Most vaccine companies have shied away from such deals, however.
Building plants worldwide:
Freeing up IP could allow existing plants to produce vaccines that are now off-limits. But in the long term, additional manufacturing plants will be needed to serve the needs of the have-nots—not just for this pandemic, but for future ones as well.
COVID-19 variants and waning immunity to the virus each could create an annual need for several billion vaccine doses. And if a new disease surfaces, the world could find itself again needing billions of doses of new vaccines.The inequitable way COVID-19 vaccines have been rolled out underscores the limits of a system that concentrates manufacturing power in a few locations, says Leena Menghaney, who heads Doctors Without Borders’s Access Campaign for South-East Asia.
The bulk of COVID-19 vaccine doses so far have been made in the United States, China, India, and Europe—and all have felt pressured to vaccinate their own people first.

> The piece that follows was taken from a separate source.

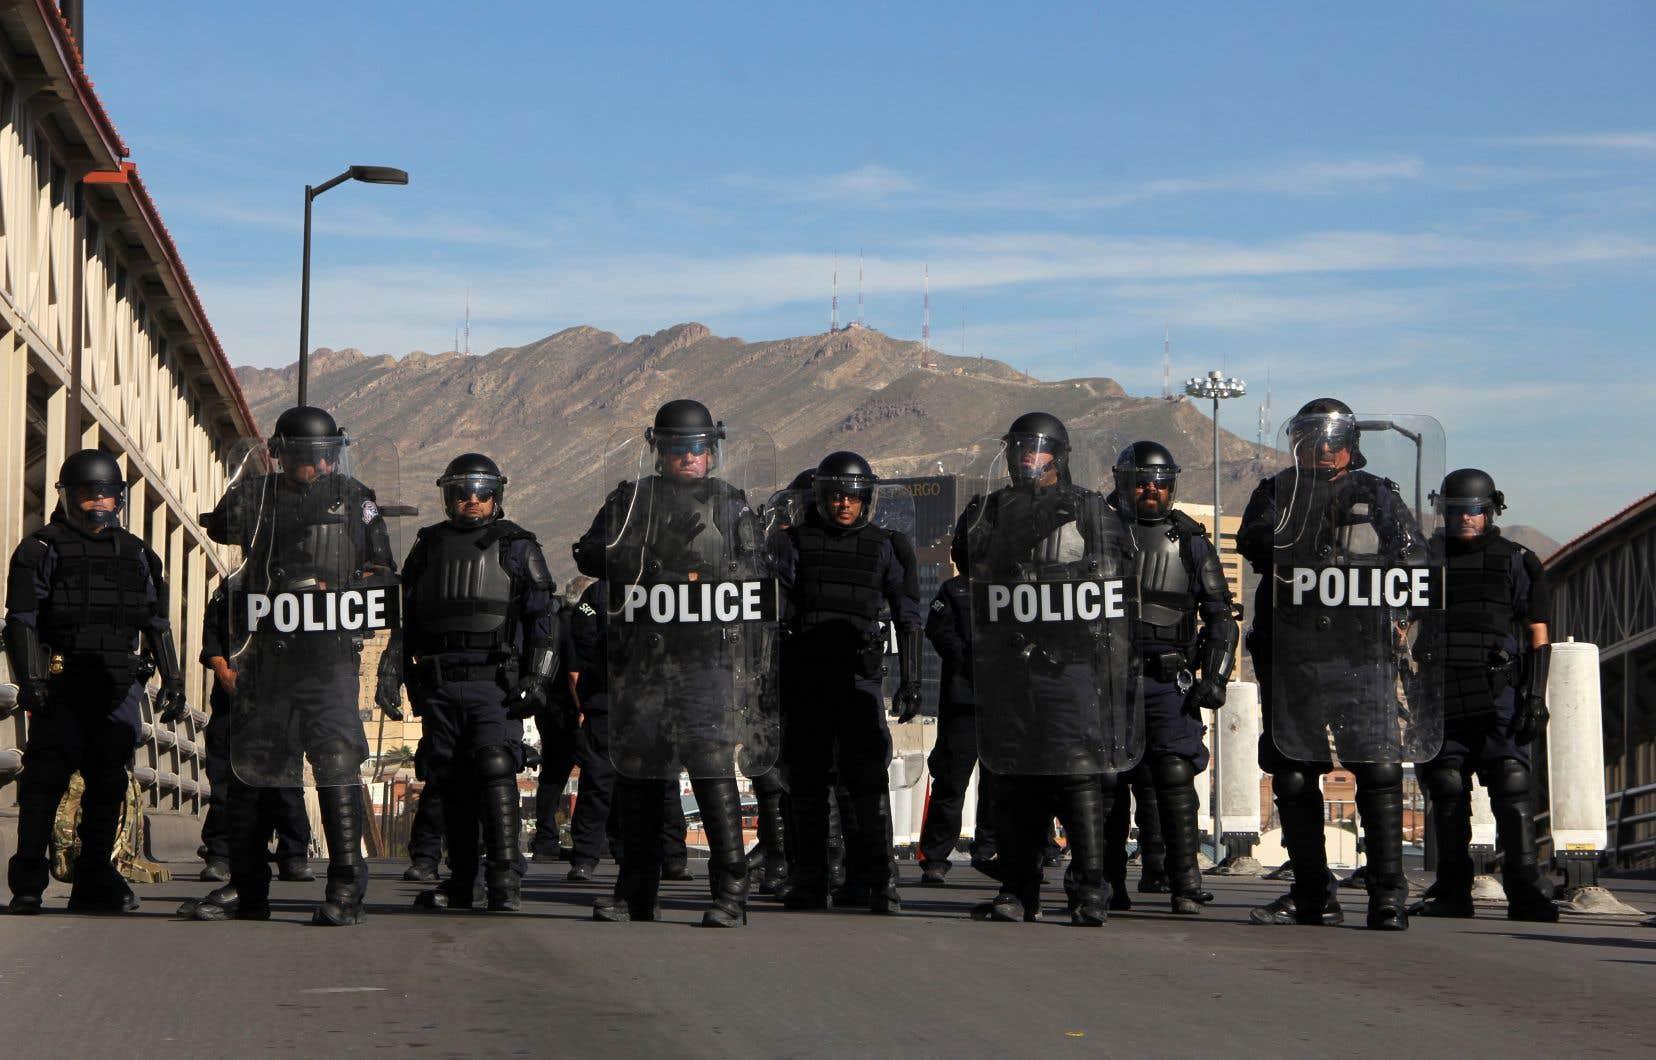 Des policiers antiémeute américains participent à un exercice à la frontière américano-mexicaine, le 29 octobre 2018.

“Once we’re done with ours we’ll give it to you: That argument is very much in your face and it’s the subtext of the whole conversation,” Menghaney says.
End point from Mark Feinberg, who heads the International Aids Vaccine Initiative:
“The challenge that’s being taken on here is unprecedented: You want to vaccinate everyone on the planet. That has never been done before … You might say: If we do this in 3 years that’s an accomplishment that is unprecedented in the history of the human race. But if you actually think about the tragedy that COVID is imposing, that seems like a really long, long time.”
And here we are…in context of my fear stated above — ‘No part of the world can feel safe if the pandemic rages on elsewhere…‘
(Illustration out front: A pix of me right-after getting my first Pfizer dose in March — got the second jab less than a month later, unlike a way-shitload of people around the world).